- _PROBLEM REQUIREMENTS_
What you return must match the listing exactly, with every image removed.

- _INFORMATION PROVIDED_
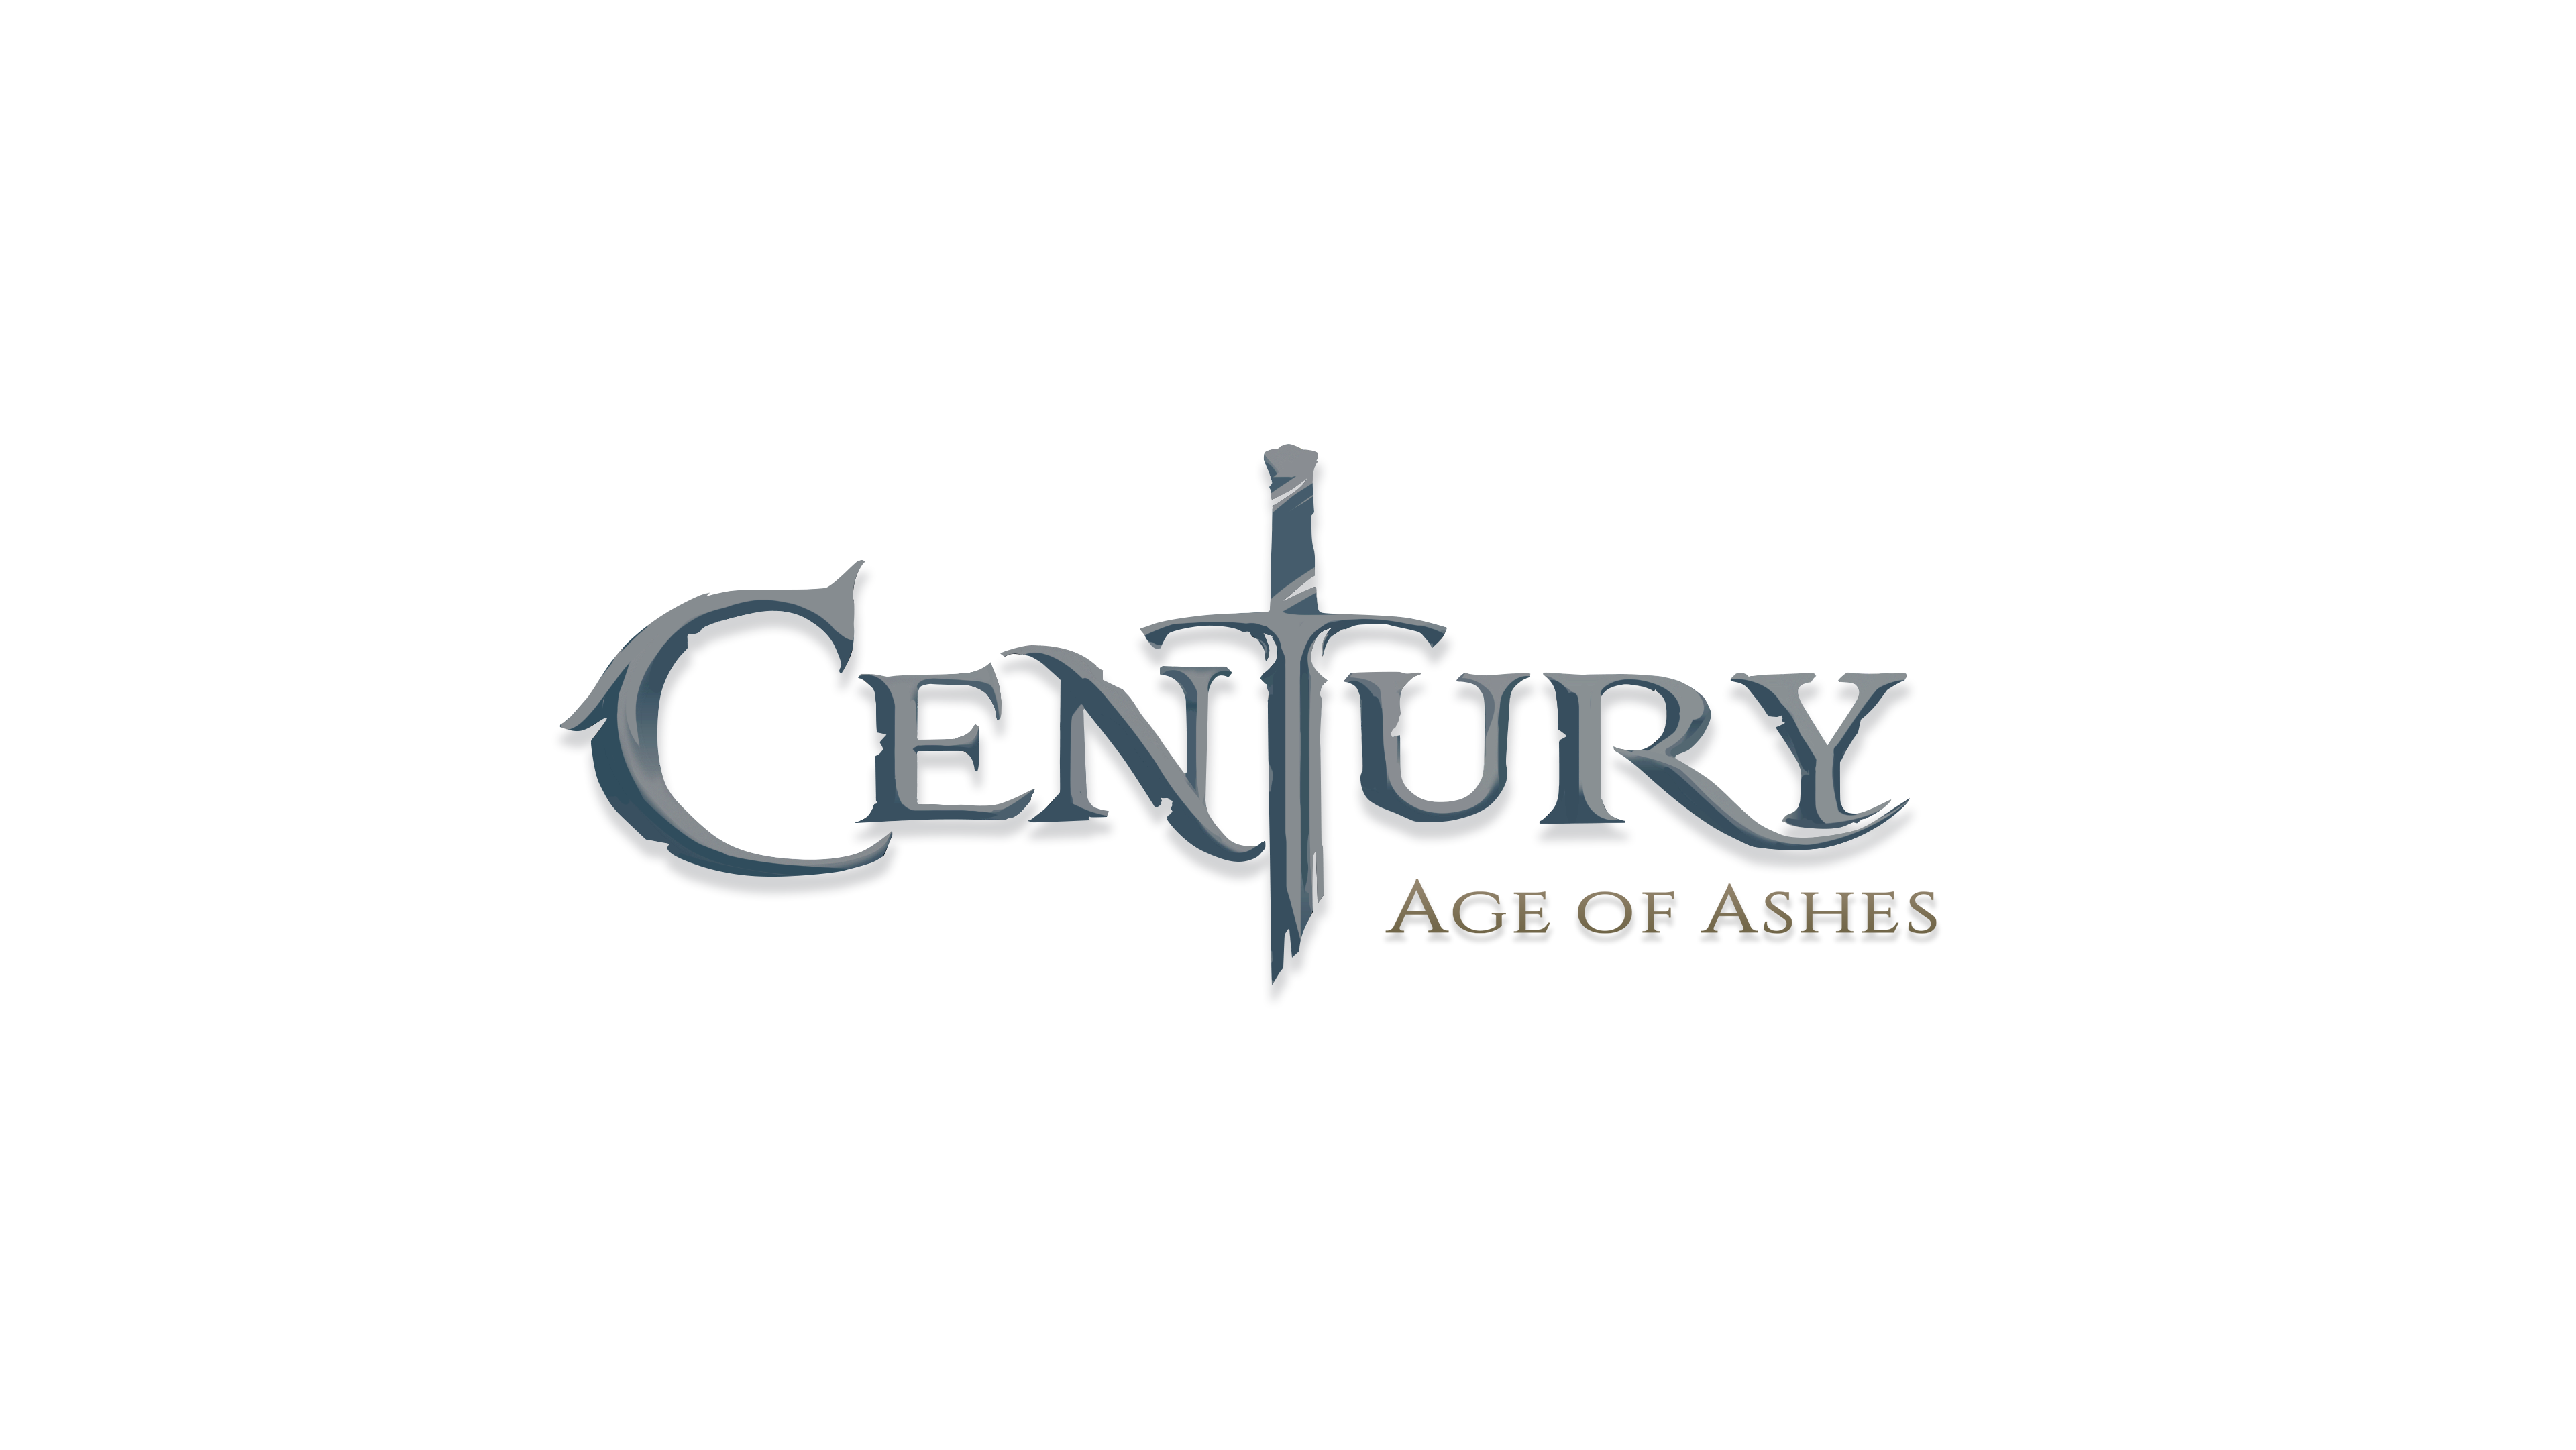 Video Game Century: Age of Ashes HD Wallpaper | Background Image
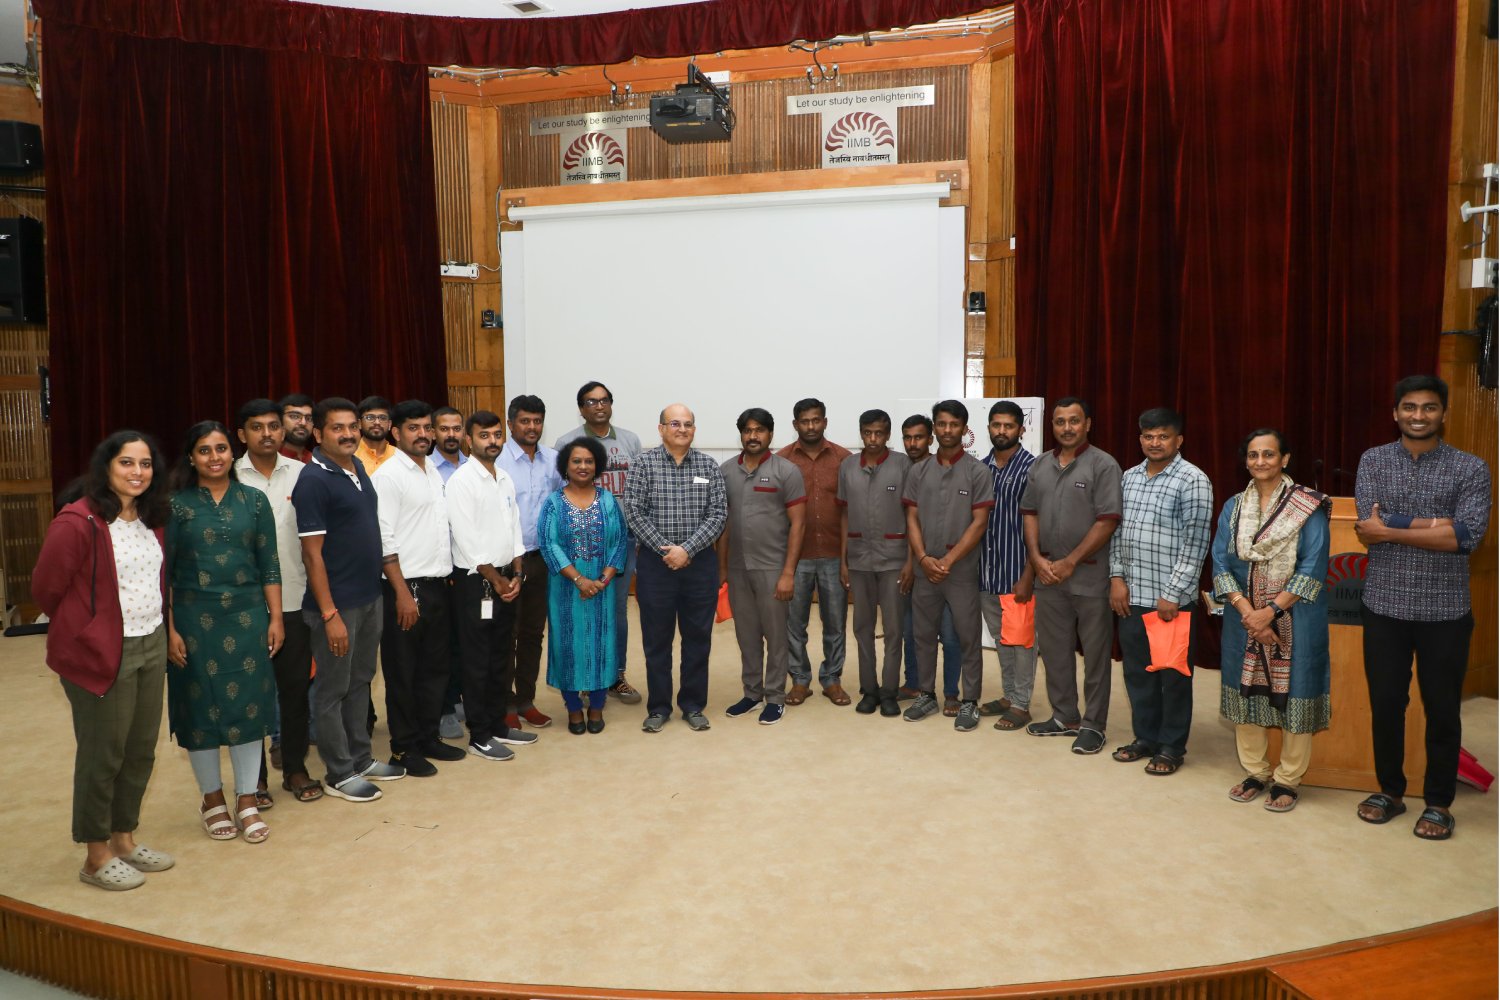 Vikasana, the students’ social impact society at IIMB, organized ‘Dhanyawadagalu 2023’, on 6th July, to express their thanks to the staff workers at the Institute for their support and service. Professor Rishikesha T Krishnan, Director, IIMB, presented gifts to all the staff.
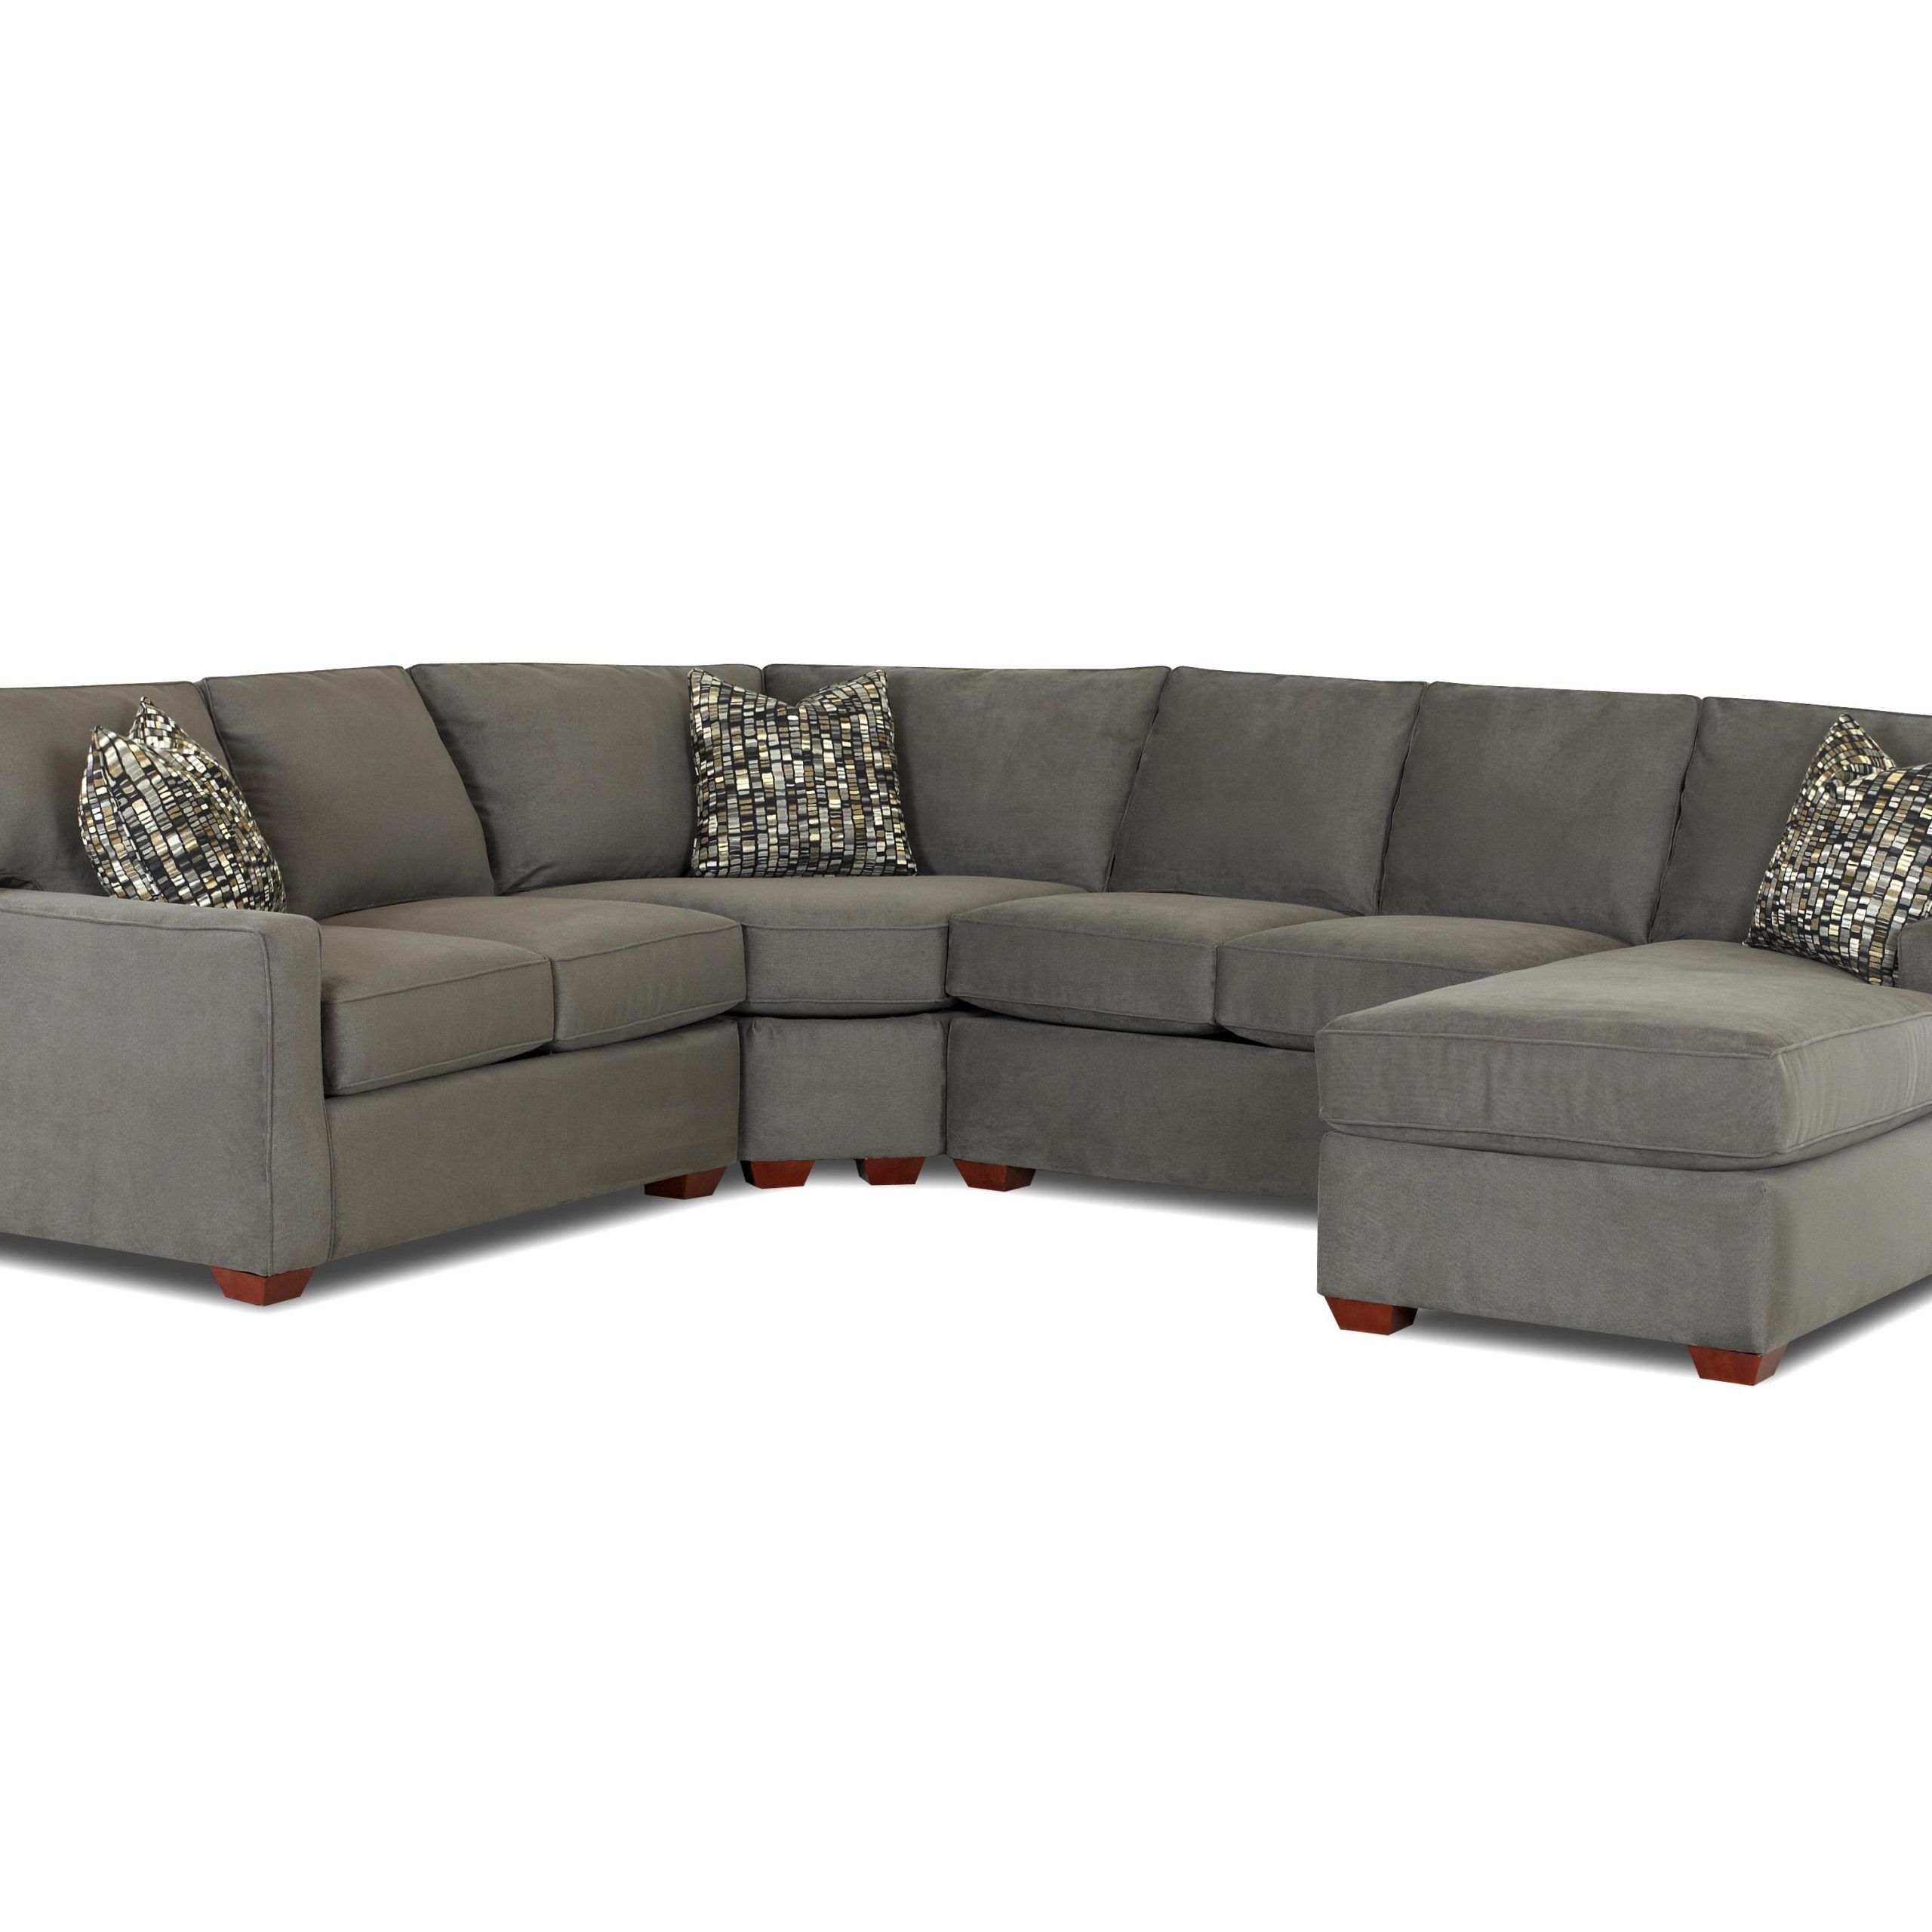 Contemporary L Shaped Sectional Sofa With Right Arm Facing Chaise Intended For Modern L Shaped Sofa Sectionals (Gallery 1 of 20)

- _EXERCISE OUTPUT_
 Video Game Century: Age of Ashes HD Wallpaper | Background Image
 Vikasana, the students’ social impact society at IIMB, organized ‘Dhanyawadagalu 2023’, on 6th July, to express their thanks to the staff workers at the Institute for their support and service. Professor Rishikesha T Krishnan, Director, IIMB, presented gifts to all the staff.
 Contemporary L Shaped Sectional Sofa With Right Arm Facing Chaise Intended For Modern L Shaped Sofa Sectionals (Gallery 1 of 20)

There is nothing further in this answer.